Edit: Added another question
(This question may belong to chemistry SE. If so, please inform me, and I will remove it from here. I thought there is enough physics for it to belong here.)
 A: 
What is the reference?

The reference is the reference. Just like in any other physics problem, you choose it, usually for maximum convenience (ease of use). There is no 'absolute' reference point. For the calculation of the orbitals of the hydrogen atom a spherical coordinate system is used.

But why can't those approach between the axes?

They do sometimes and the phenomenon is the cause of many coloured transition metal (d-block) complexes. For an introduction, see my post here (scroll down to A partial explanation of the colours of transition cation complexes) on the colour of $\text{Ti }+3$ complexes.
I hope this helps.
A: Here is a semi-handwaving explanation.
Whenever we attempt to confine an electron in a small volume of space, we discover that the chances of finding it at any particular location within that space become nonuniform: there are some places where we are more likely to observe it than in other locations, and also some energy levels of the electron will become more likely than others. Furthermore, the smaller the space in which we try to confine it, the stronger these effects become. When we reach the size scale of an atom, the positional probability of the electron is highly nonuniform, and its energy levels have become discrete- which is to say that the electron can only hang out in certain regions, and we call those regions orbitals, and that hanging out somewhere inbetween two allowed orbitals is forbidden.
The electron itself resists being stacked into an orbital that already is occupied by another electron- unless we invert the spin of one of the electrons, in which case we can fit more than one of them into one orbital.
The lowest-energy orbitals look like spherical clouds, but as we try to put more and more electrons into position around a larger and larger nucleus, we discover that the electron's angular momentum is also quantized, and there are certain angular positions in space around the nucleus where those additional electrons are more likely to be observed than in others. These orbitals are not spherically symmetric- they stick out along certain preferred directions, and all higher-energy orbitals have to accommodate by avoidance all of those other orbitals.

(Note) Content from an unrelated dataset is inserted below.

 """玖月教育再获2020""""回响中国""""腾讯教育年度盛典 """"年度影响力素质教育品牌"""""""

So the facts that any given electron wants to occupy a state of minimum energy in the vicinity of a nucleus, that energy states or levels for electrons being confined by electrostatic attraction to the nucleus of an atom are discrete, that electrons cannot be stacked on top of each other unless their spins are opposite, and that their angular momentum is quantized, all give rise to the orbital structure as described in your course materials.

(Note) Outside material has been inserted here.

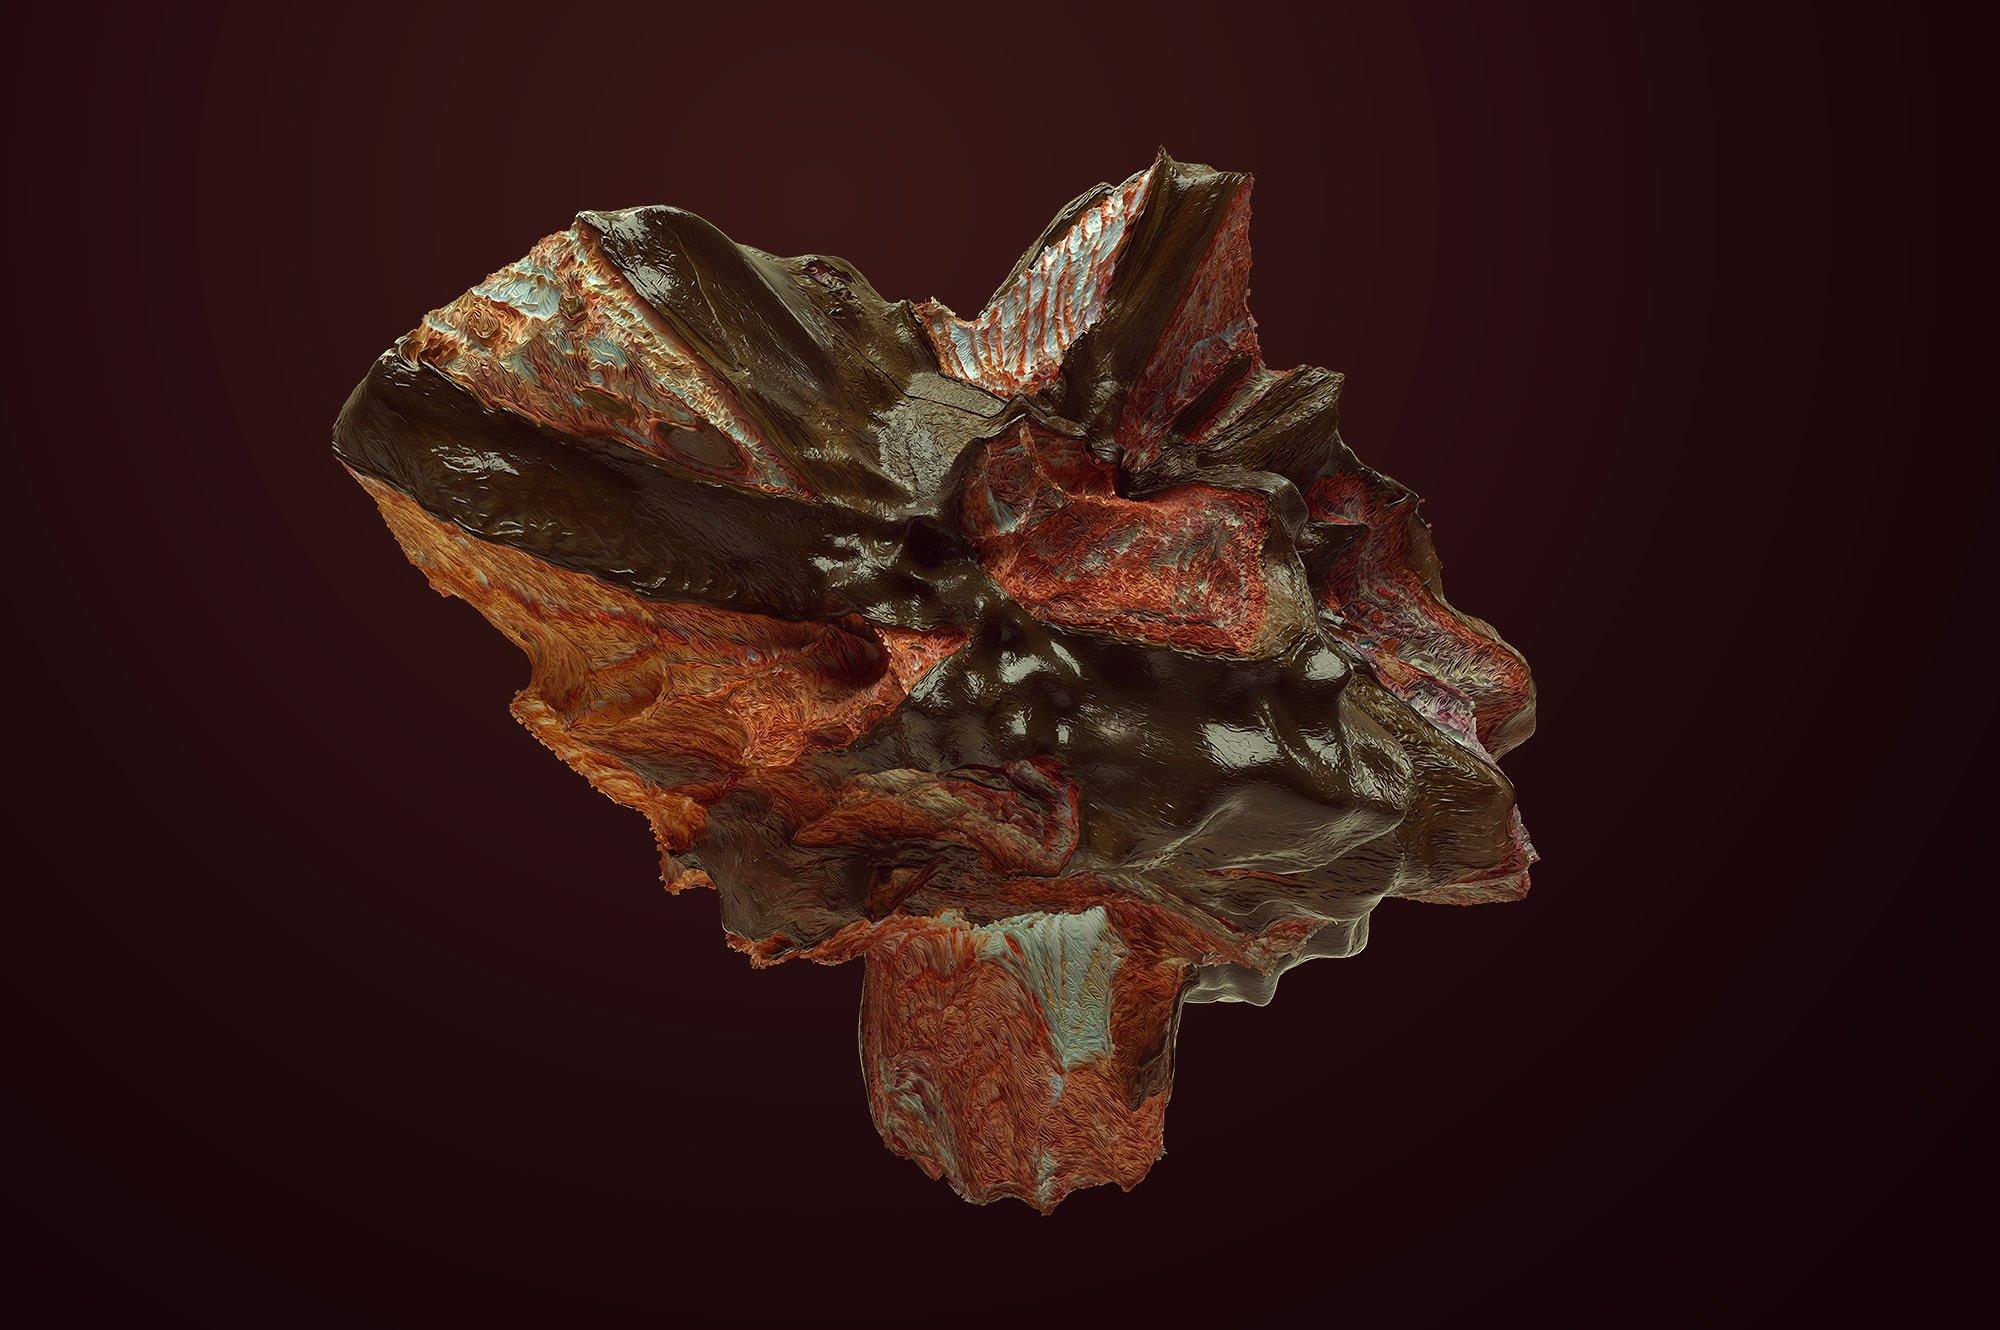 创意抽象纹理系列:10款混合油漆矿石有机图案3D纹理&PS笔刷 Tectonic (Exclusive)插图6

The positions of all those orbitals are relative to all the other orbitals- that is, there isn't anything in the nucleus itself that preferentially steers a given electron pair into two lobe-shaped volumes that stick out in opposite directions from one another; the nucleus appears to the electrons around it to be electrostatically spherical even though the locations of the allowed orbitals in space around the nucleus are not.
A: The shape of the orbitals are an artifact of the way Schrodinger's equation is solved. The first part of the standard solution is to pick a direction for the x,y,z axis and convert to polar coordinates.

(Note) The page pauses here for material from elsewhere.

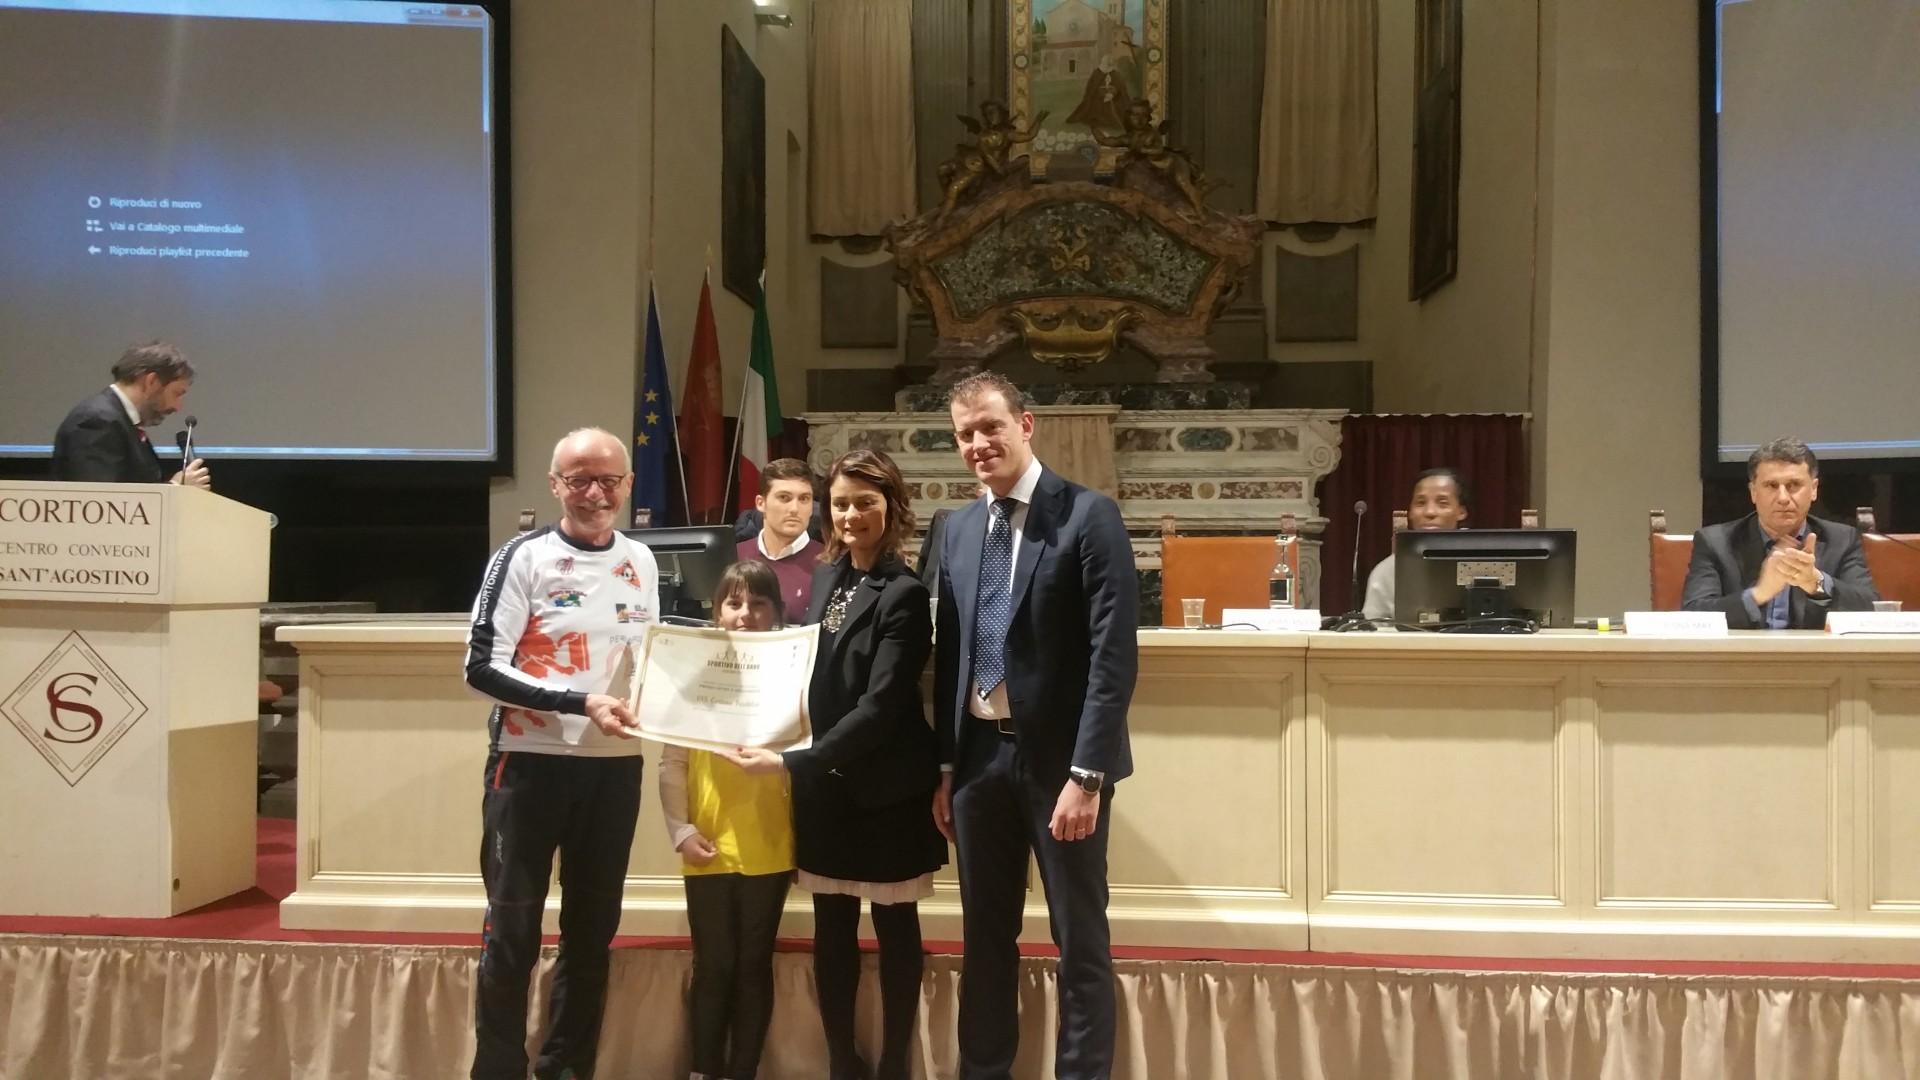 Premio sportivo 2017 città di Cortona - tutte le foto della serata

The solutions we get reflect the chosen coordinate system. The distribution is actually isotropic if there is no preferred direction in space (no electric or magnetic field). The electrons are indistinguishable and in states that are "spherical" mixtures of orbitals (until a measurement is made/interaction happens). The picture is complicated by Pauli exclusion principle which constrains which mixtures are allowed at the same time. Statements such as "one electron is in the px orbital" are somewhat misleading and simplified, but much easier on high school Chemistry students.